Monday, October 5, 2009
Retaliation Claims
The Wall Street Journal has a recent piece on EEOC retaliation filings. A familiar story to most readers: like other employment claims, they're up. And retaliation remains a significant portion of employment discrimination claims. As the WSJ's graph shows, retaliation claims enjoyed a slow rise as a proportion of all discrimination claims in the 1990s and has hovered in the general area of one-third of all discrimination claims for about the last decade. So, as all discrimination claims are on the upswing during this period of high unemployment, so too are retaliation claims (although the data show that retaliation claims rose faster this year).
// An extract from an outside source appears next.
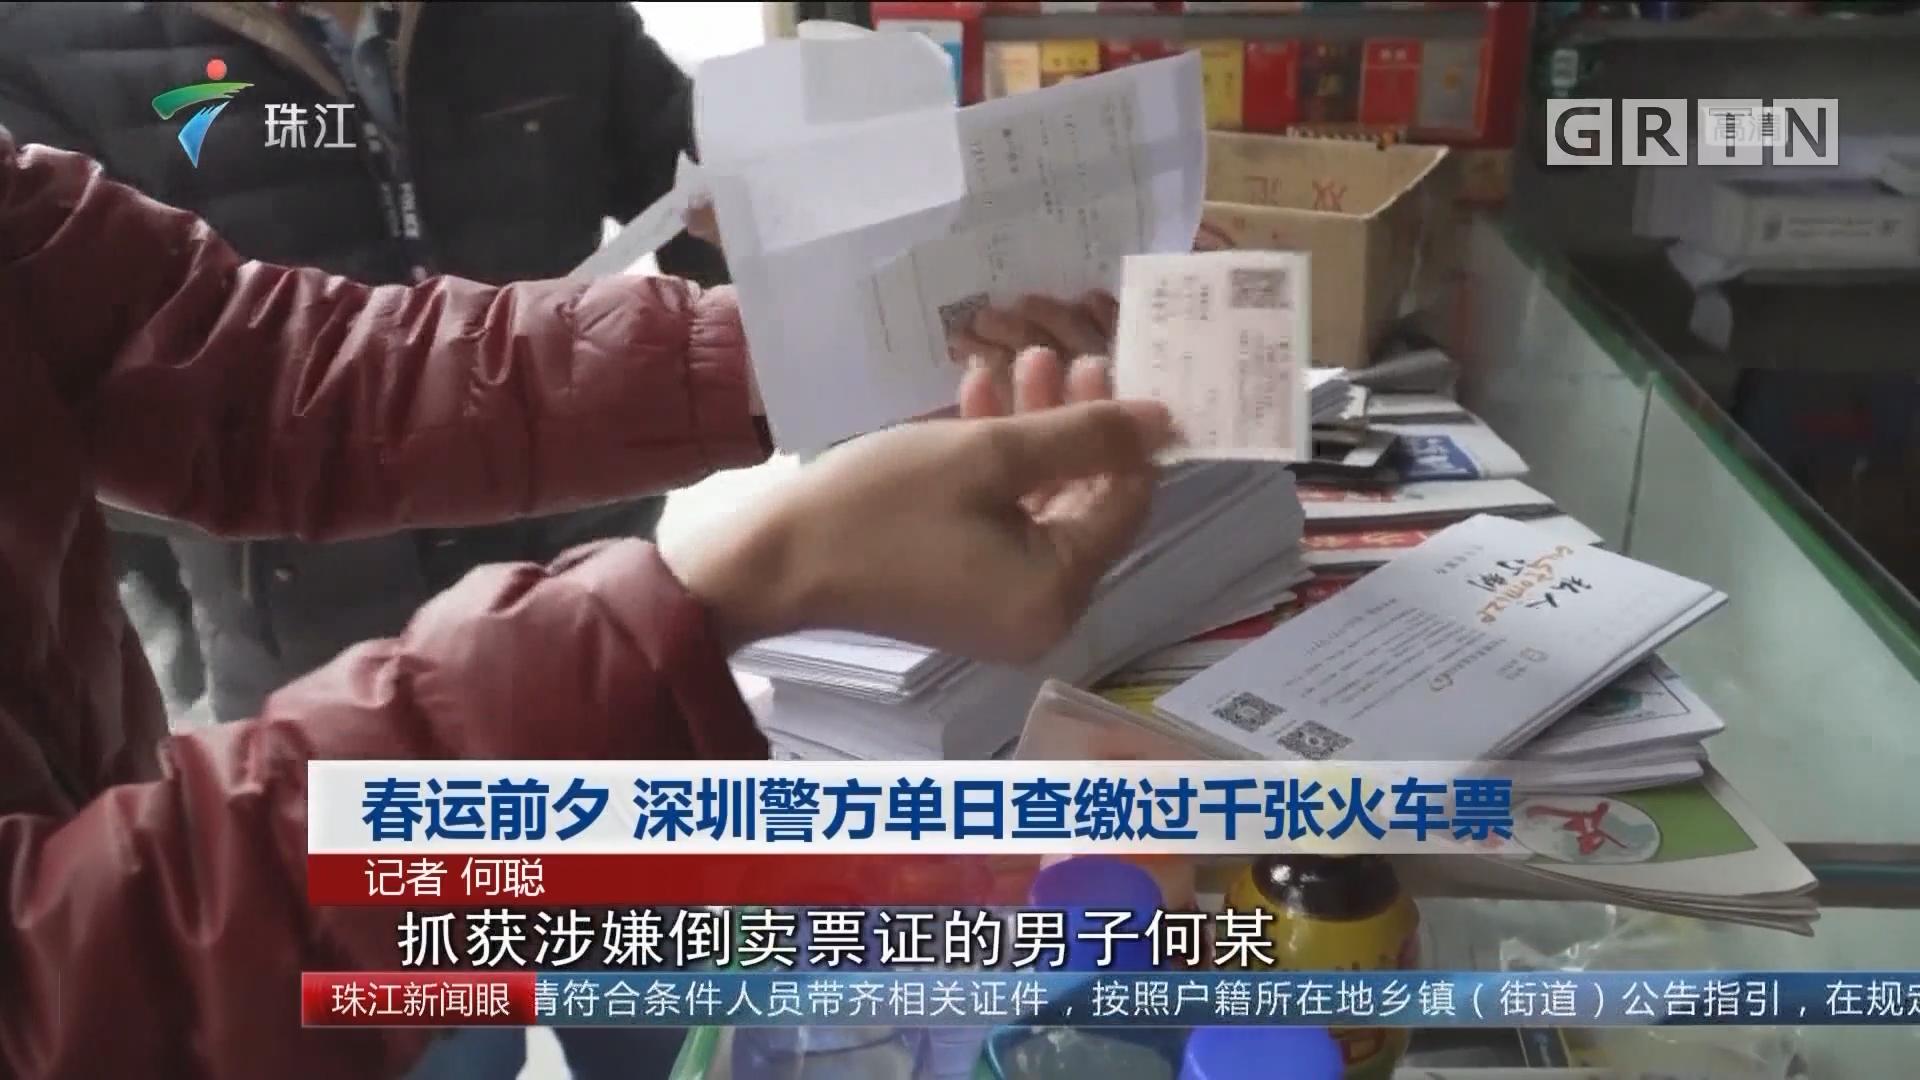 春运前夕 深圳警方单日查缴过千张火车票

One thing that the piece hinted at, but represents a significant aspect of retaliation claims, is that they're far more successful than straight discrimination claims. Managers often get angry after they're sued and, as a result, do really dumb things. So, as I tell my students, retaliation claims are the employment law equivalent of a political scandal: it's not the crime; it's the cover-up (OK, t's not a perfect comparison, but you get the drift).
Hat Tip: Joe Seiner
-JH
https://lawprofessors.typepad.com/laborprof_blog/2009/10/retaliation-claims.html
Any one have a figure on what the proportion of participation clause cases vs. opposition clause cases are? I think this goes to whether Crawford was a particularly pro-employee case.